2014-04-25

Earlier this week, during a raid in the port city of Alicante, Spanish police confiscated a batch of hallucinogenic chocolates that had been molded into the shape of the FC Barcelona crest. The chocolates, which were allegedly laced with marijuana and mushrooms, had been disguised as soccer-themed candies by the only person arrested in the operation, a master confectioner nicknamed “Willy Wonka.” The incident gave rise to a whole host of significant questions. For instance: Isn’t “Willy Wonka” pretty much the only possible nickname for any master confectioner freelancing in black-market drug work? Was there even a fallback option for this guy?
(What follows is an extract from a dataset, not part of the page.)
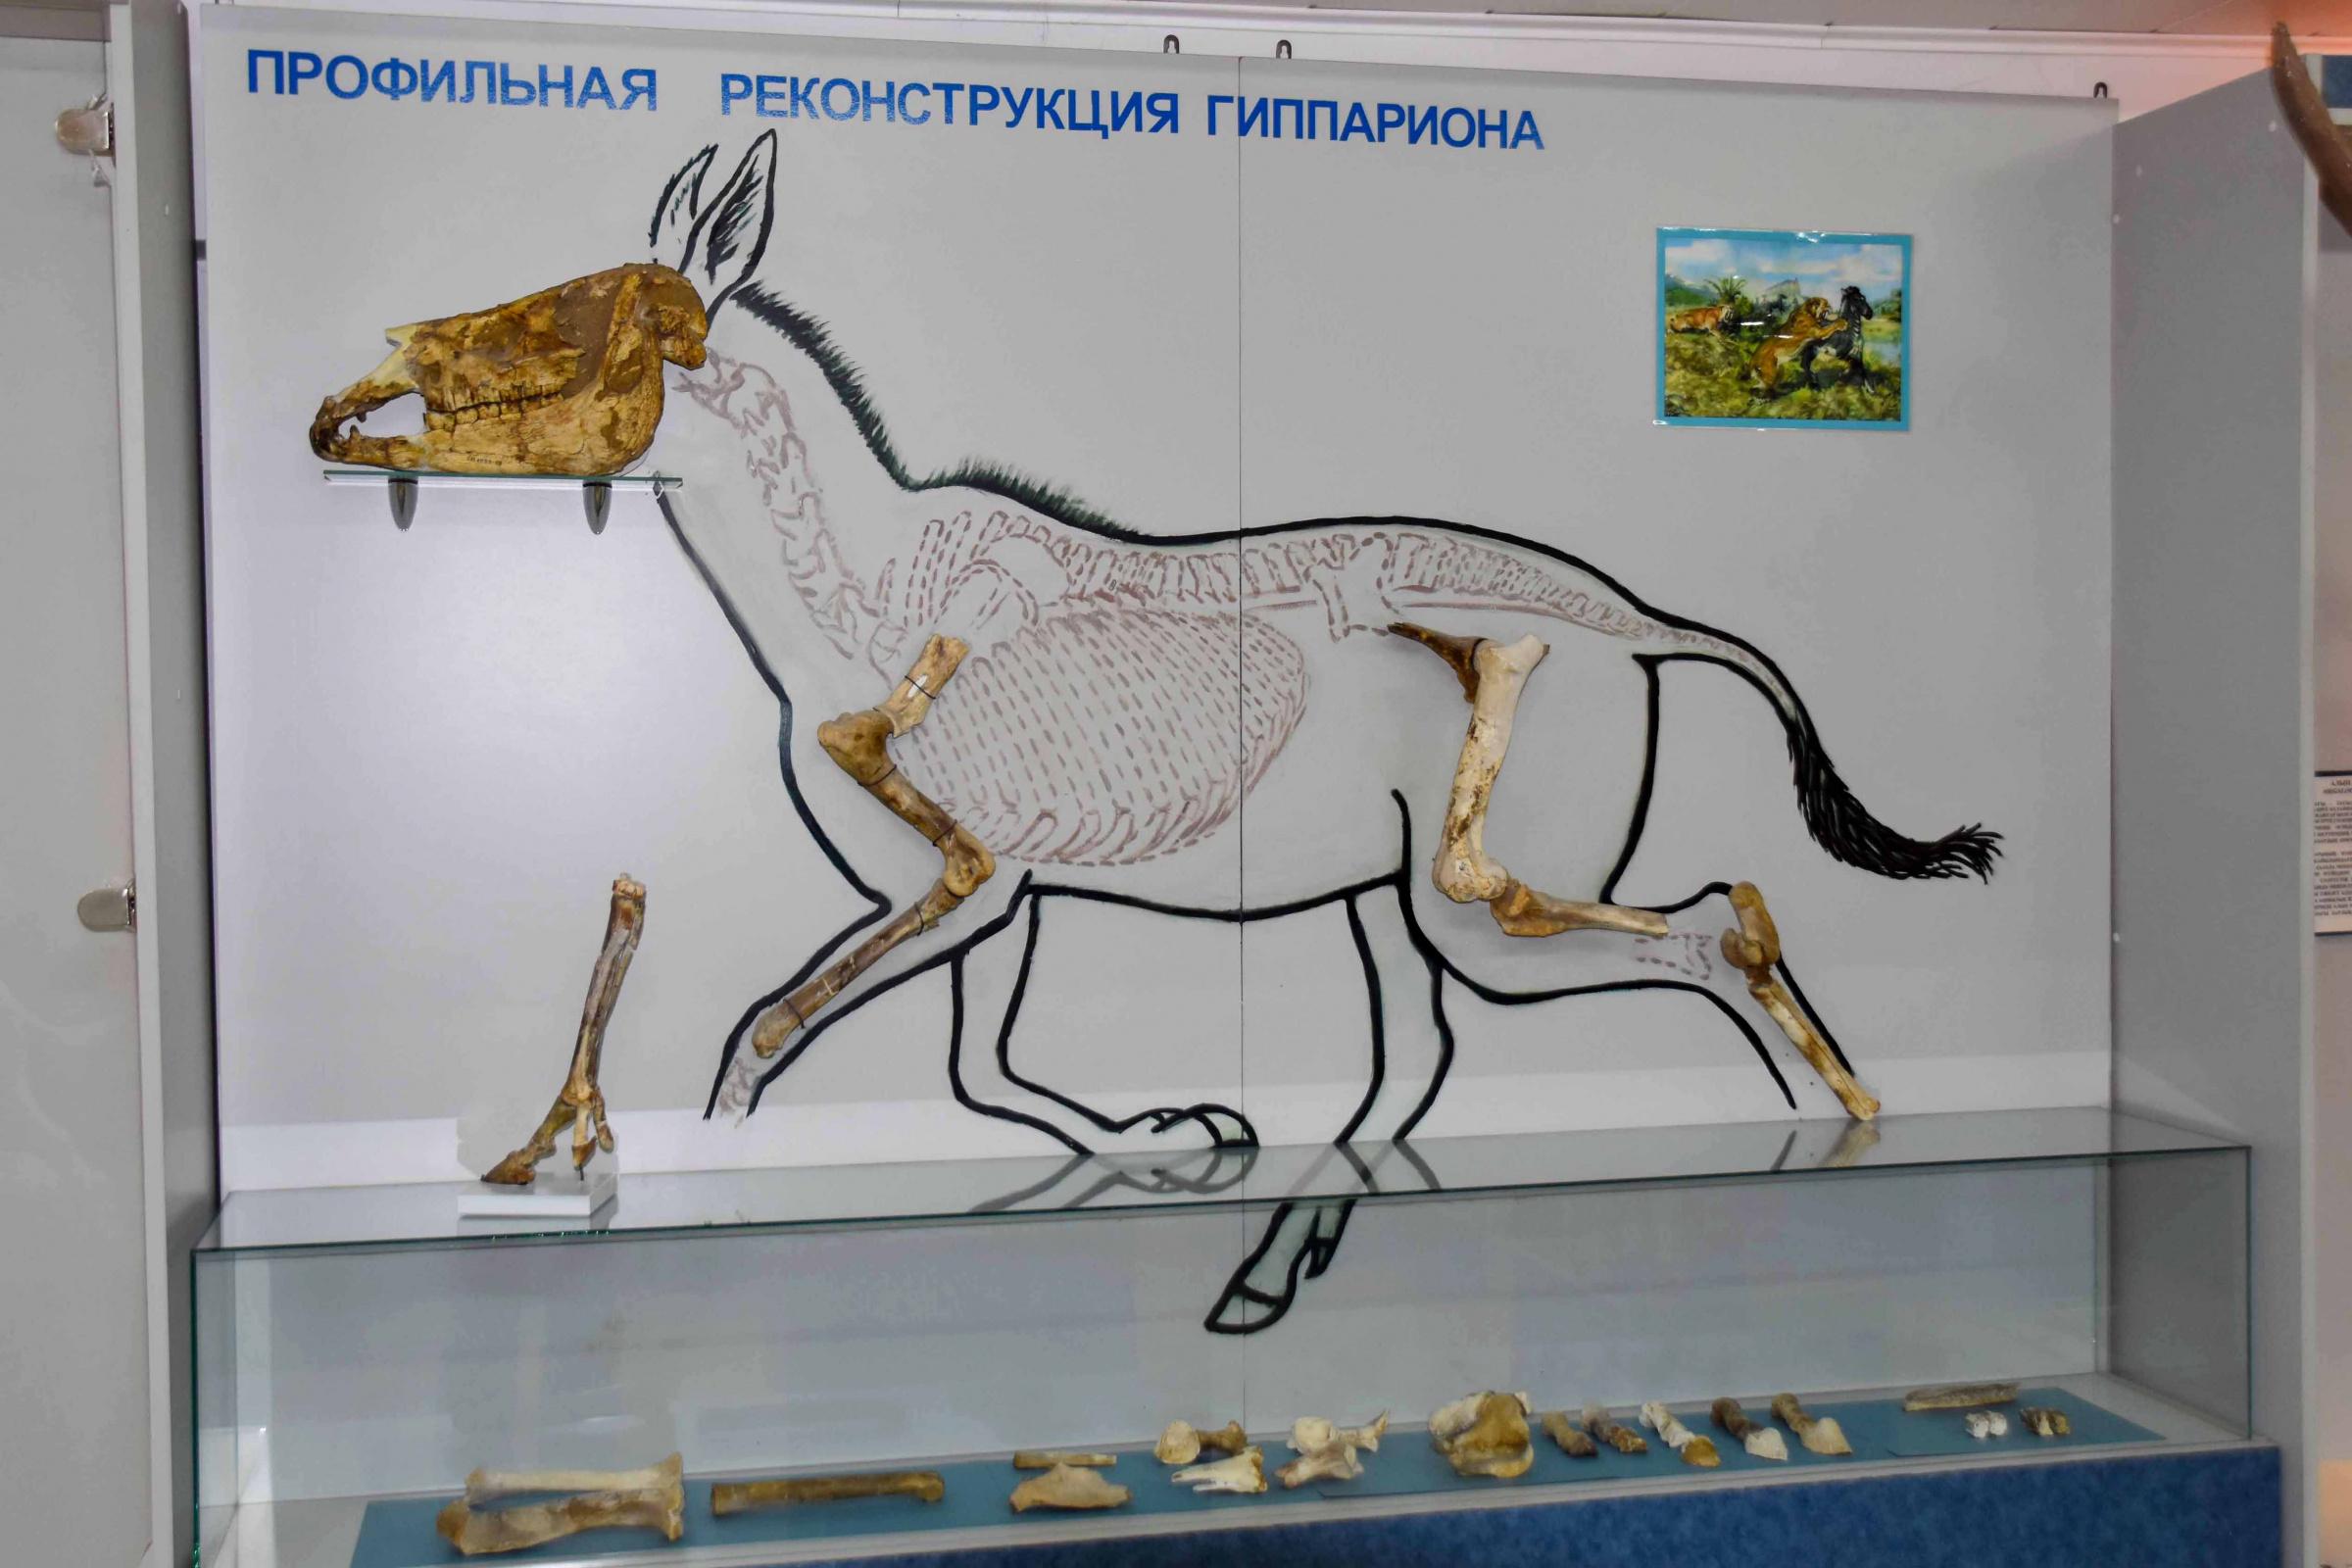 Стенд «Профильная реконструкция гиппариона» в музее Павлодарского государственного педагогического университета

Is “master confectioner baking controlled substances into candy products” the topic heading of basically the shallowest nickname pool known to humanity? Is the phrase “my candy guy, Willy Wonka” inevitably followed by a bemused chorus of “which one?” at drug-kingpin summits? How does the fraternal organization of master confectioners keep its narcotics mailers straight?

Anyway, as drug operas go, the downfall of Willy Wonka was maybe a few rails shy of Scarface. Where FC Barcelona was concerned, though, it felt portentous. For a half-decade and more, Barça’s tiki-taka soccer has been celebrated for — just listing some traits — evading capture, holding (the ball), and giving fans a sweet, relaxing, mildly psychedelic experience. This season, though, and especially in the last few weeks, soccer’s mellow darlings have cruised into uptight weather. It’s not hard to picture Xavi stirring a vat of bubbling cocoa butter while Iniesta peeks between the blinds at some ominously approaching red and blue lights.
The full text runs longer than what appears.